Would be parsed as a base of 0, exponent of 2**256 - 2**32 - 978 and modulus of 2**256 - 2**32 - 978, and so would return 0. Notice how if the length_of_BASE is 0, then it does not interpret any data as the base, instead immediately interpreting the next 32 bytes as length_of_EXPONENT.

This input data:

0000000000000000000000000000000000000000000000000000000000000000
0000000000000000000000000000000000000000000000000000000000000020
ffffffffffffffffffffffffffffffffffffffffffffffffffffffffffffffff
fffffffffffffffffffffffffffffffffffffffffffffffffffffffffffffffe
fffffffffffffffffffffffffffffffffffffffffffffffffffffffffffffffd

Would parse a base length of 0, a modulus length of 32, and an exponent length of 2**256 - 1, where the base is empty, the modulus is 2**256 - 2 and the exponent is (2**256 - 3) * 256**(2**256 - 33) (yes, that’s a really big number).
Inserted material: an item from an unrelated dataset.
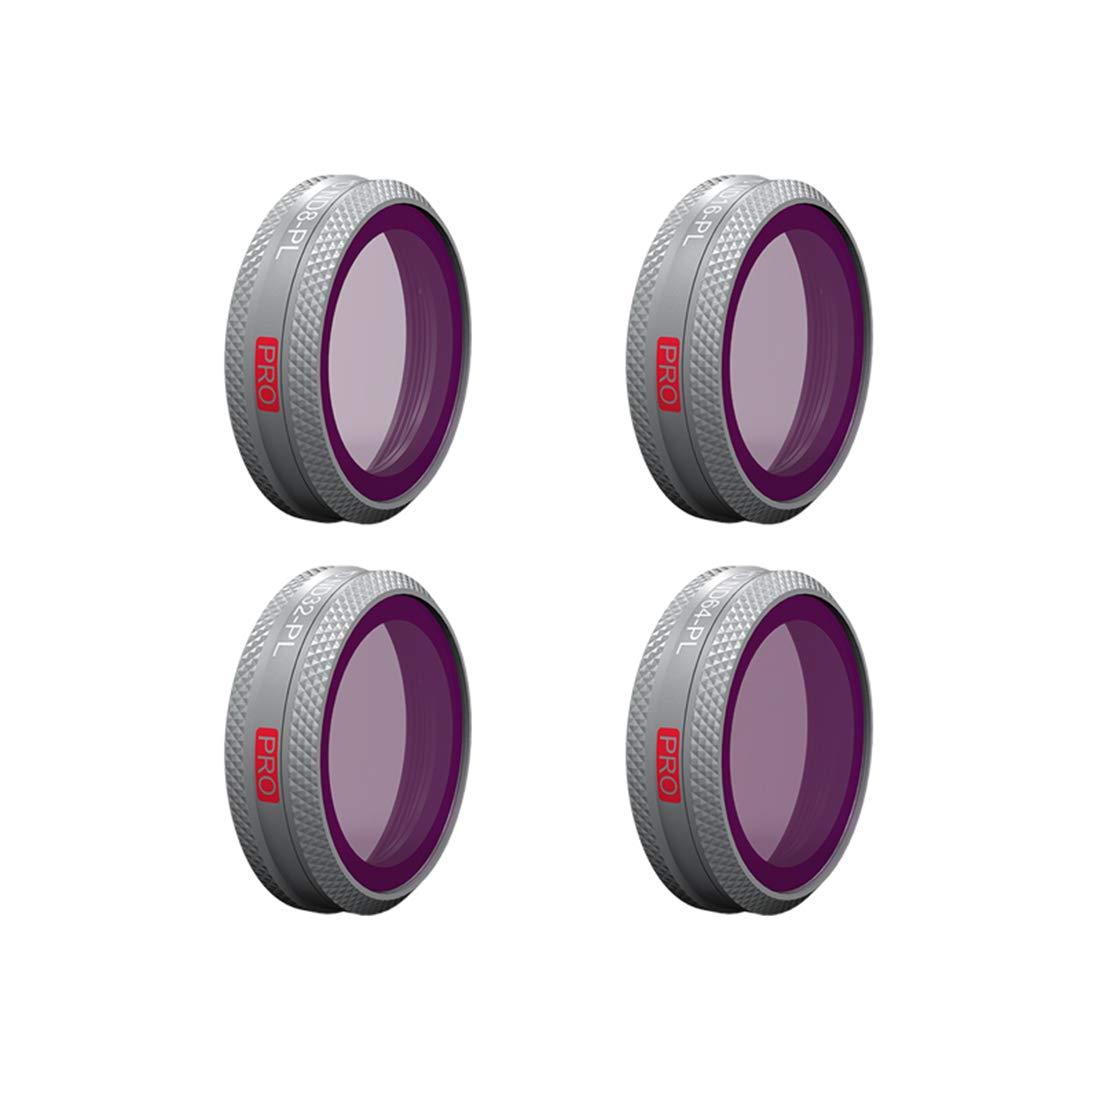 Filtro Lokauf Dji Filtri Accessori Pgytech 4 Ndpl Per Pezzi Kit tshQdxrC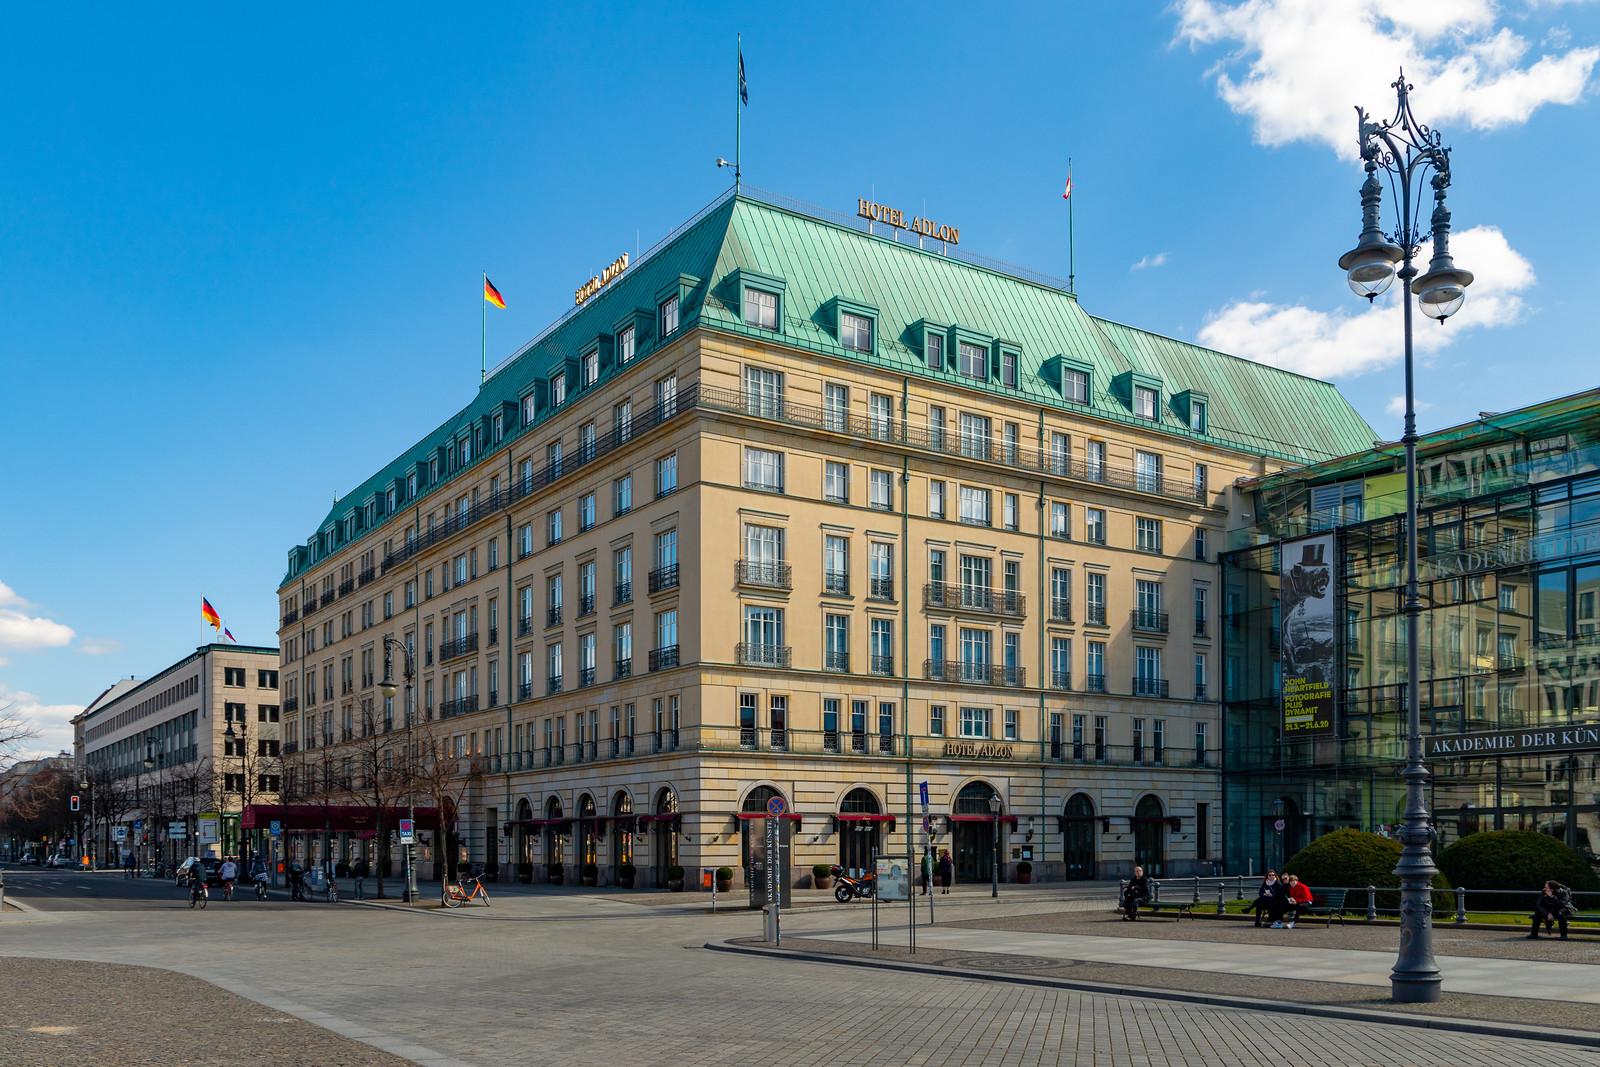 Das Hotel Adlon

It would then immediately fail, as it’s not possible to provide enough gas to make that computation.

This input data:

0000000000000000000000000000000000000000000000000000000000000001
0000000000000000000000000000000000000000000000000000000000000002
0000000000000000000000000000000000000000000000000000000000000020
03
ffff
8000000000000000000000000000000000000000000000000000000000000000
07

Would parse as a base of 3, an exponent of 65535, and a modulus of 2**255, and it would ignore the remaining 0x07 byte.

This input data:

0000000000000000000000000000000000000000000000000000000000000001
0000000000000000000000000000000000000000000000000000000000000002
0000000000000000000000000000000000000000000000000000000000000020
03
ffff
80

Would also parse as a base of 3, an exponent of 65535 and a modulus of 2**255, as it attempts to grab 32 bytes for the modulus starting from 0x80, but then there is no further data so it right pads it with 31 zeroes.